Yeah, that's good. That's a good distinction.

Speaker 4

So I think the point of your question, though, is having seen that. Yes. And I think if you've ever walked through grief, it's not only that you have seen it; you experience it as this sense of hopelessness. Like, I don't know if I could feel differently again. And what if I don't?

I think one of the helpful things is that in sections that are lament, which lead us to the right conclusion, there's a lot of language that sounds like folks are really struggling. For example, in Lamentations 3, it says, "He's made my teeth grind on gravel. My soul is bereft of peace." Listen to this one: "I have forgotten what happiness is."

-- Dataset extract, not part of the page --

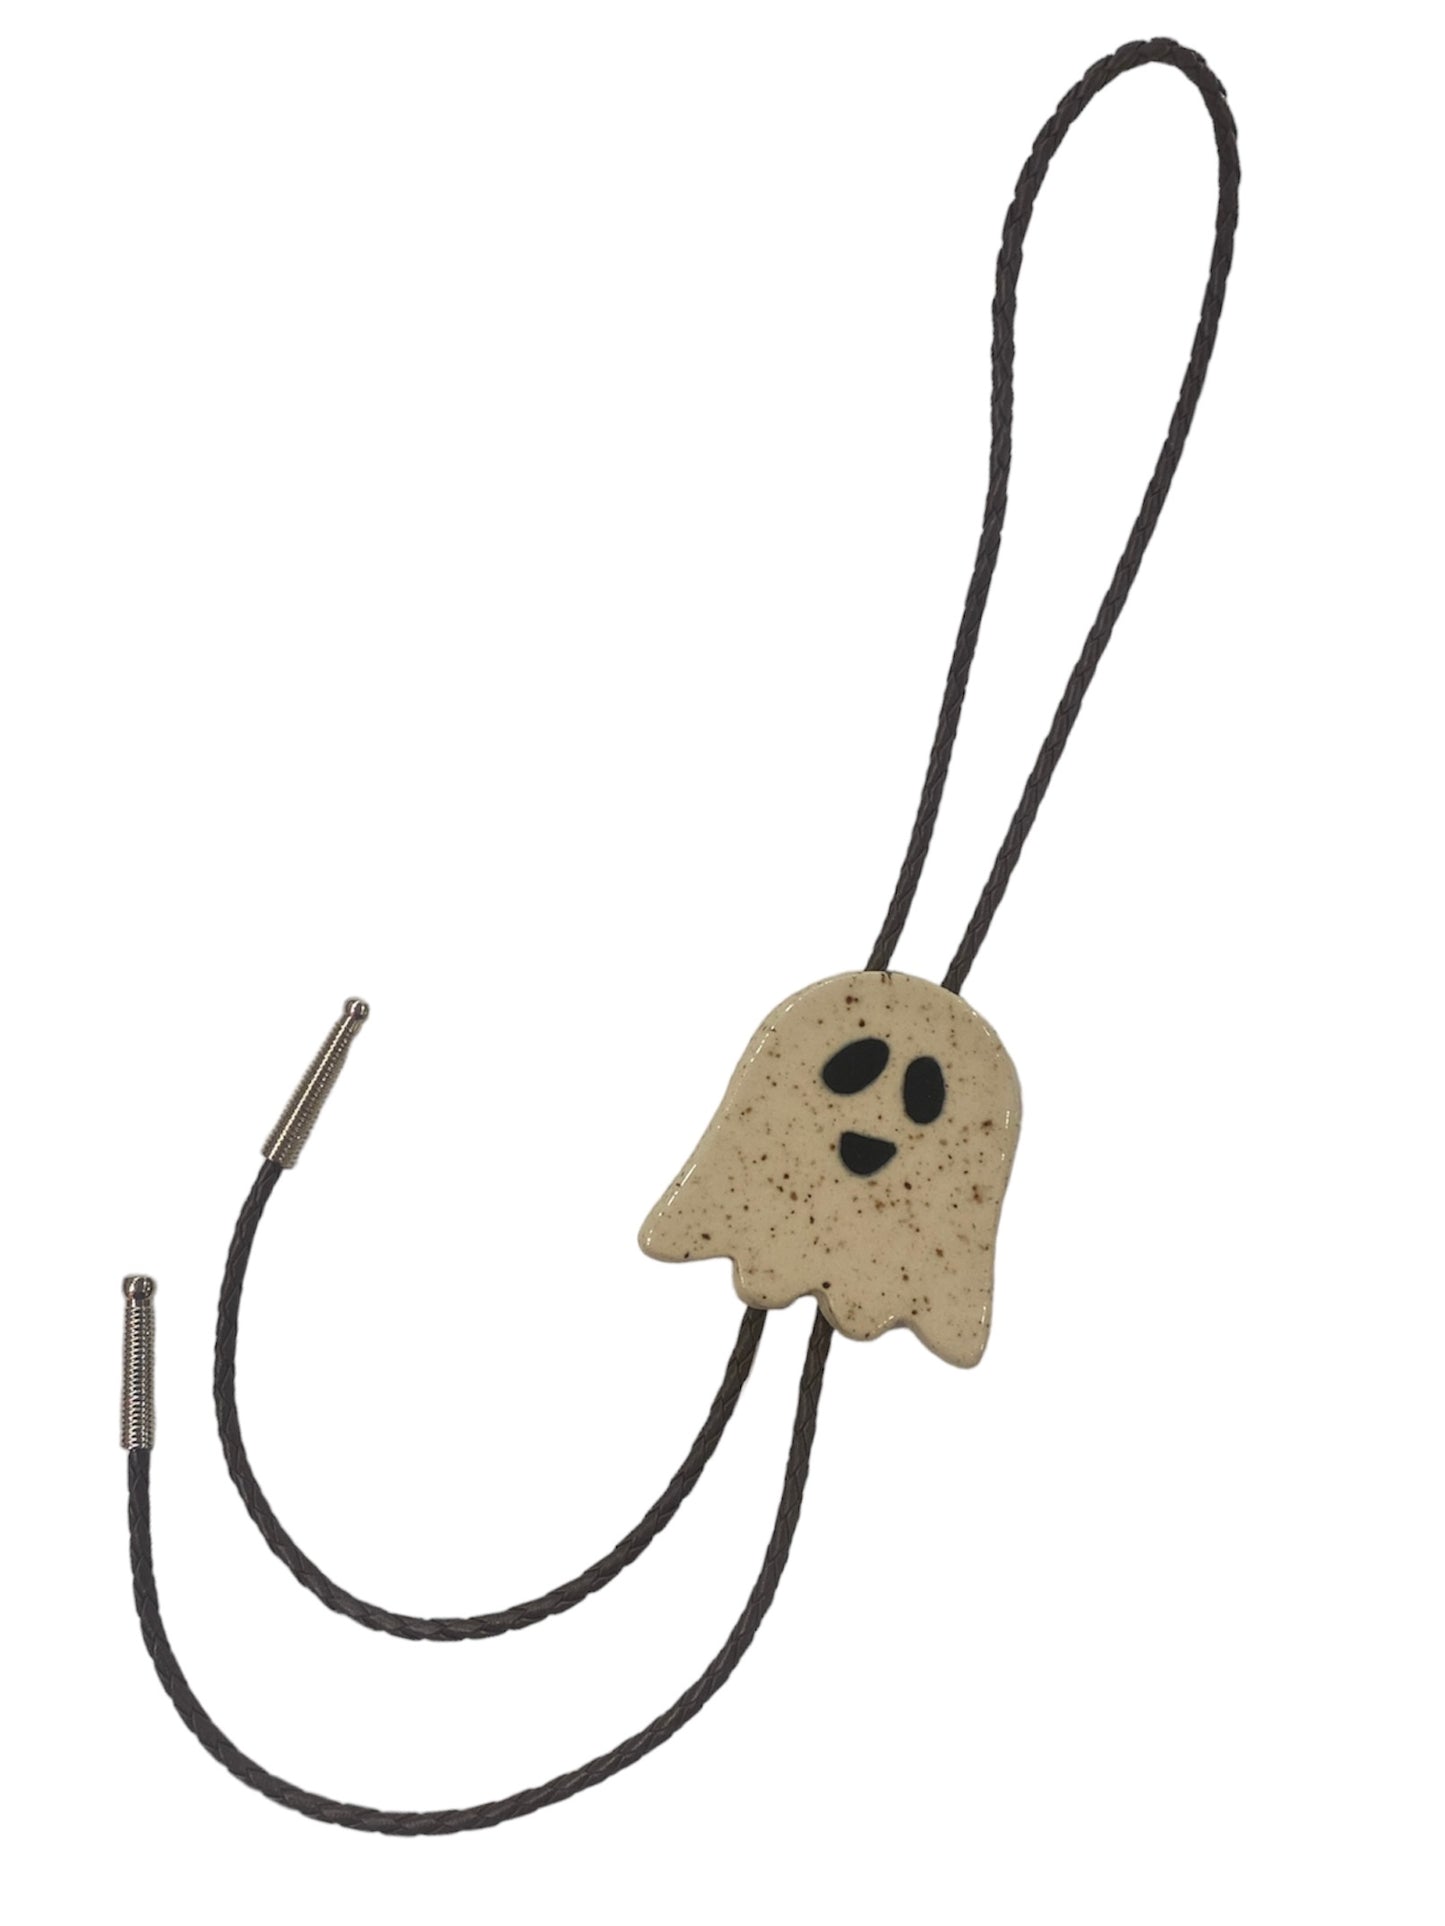 Handmade Ceramic Ghosty Bolo Tie by The Introverted Potter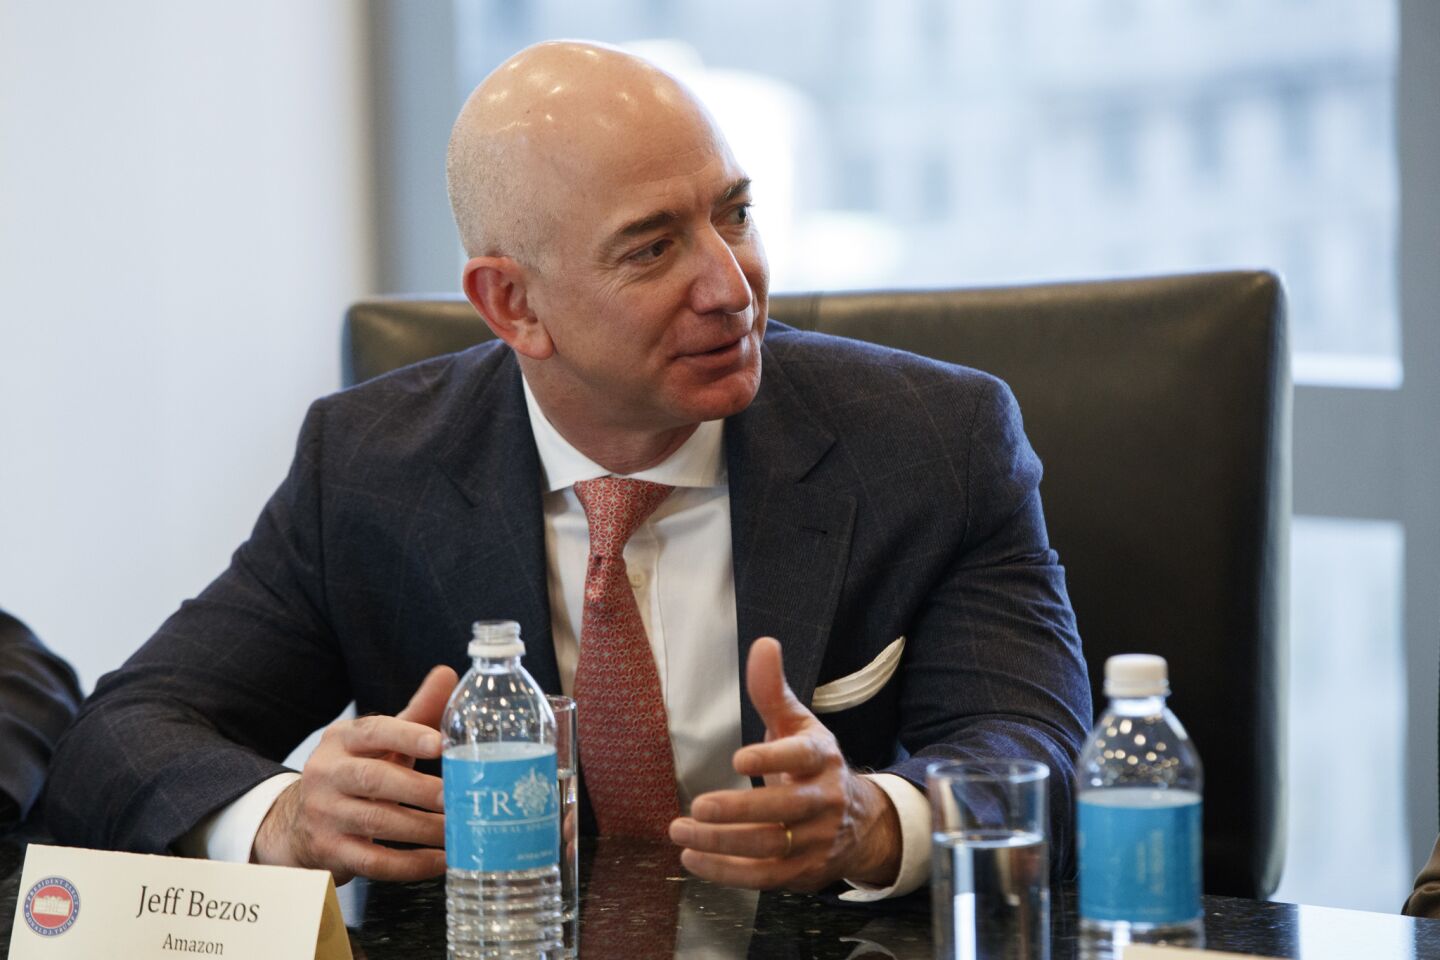 Amazon founder Jeff Bezos speaks during a meeting with President-elect Donald Trump and technology industry leaders at Trump Tower in New York, Wednesday, Dec. 14, 2016.

And so I say, "My endurance has perished, and so has my hope from the Lord." Now, that's true.

Speaker 3

Yeah.

Speaker 4

Then he says, "But this I call to mind, and therefore I have hope." And so to me, that's lament. That's lament.

And the question is, on the pivot, where is everyone going to pivot somewhere? The question is, what do you pivot to? Or you asked the question in a minute about a theology of suffering. I would argue everyone has a theology of suffering. The question is whether or not it's a biblical theology.

So even if I'm not a Christian, I have a theology of suffering. There are things that I believe about the world and the universe that are fundamental and presuppositions and the kinds of things that I apply to my life.

And the question is whether or not there's a biblical view of what suffering is. So the pivot, I think, gets dangerous or unhelpful or destructive when the pivot becomes something that's not biblical or the solution becomes something that ultimately is disconnected from who the Lord is.

Speaker 2

I guess my next question would be then, if we're lamenting, well, we're confessing and telling God this is what's going on.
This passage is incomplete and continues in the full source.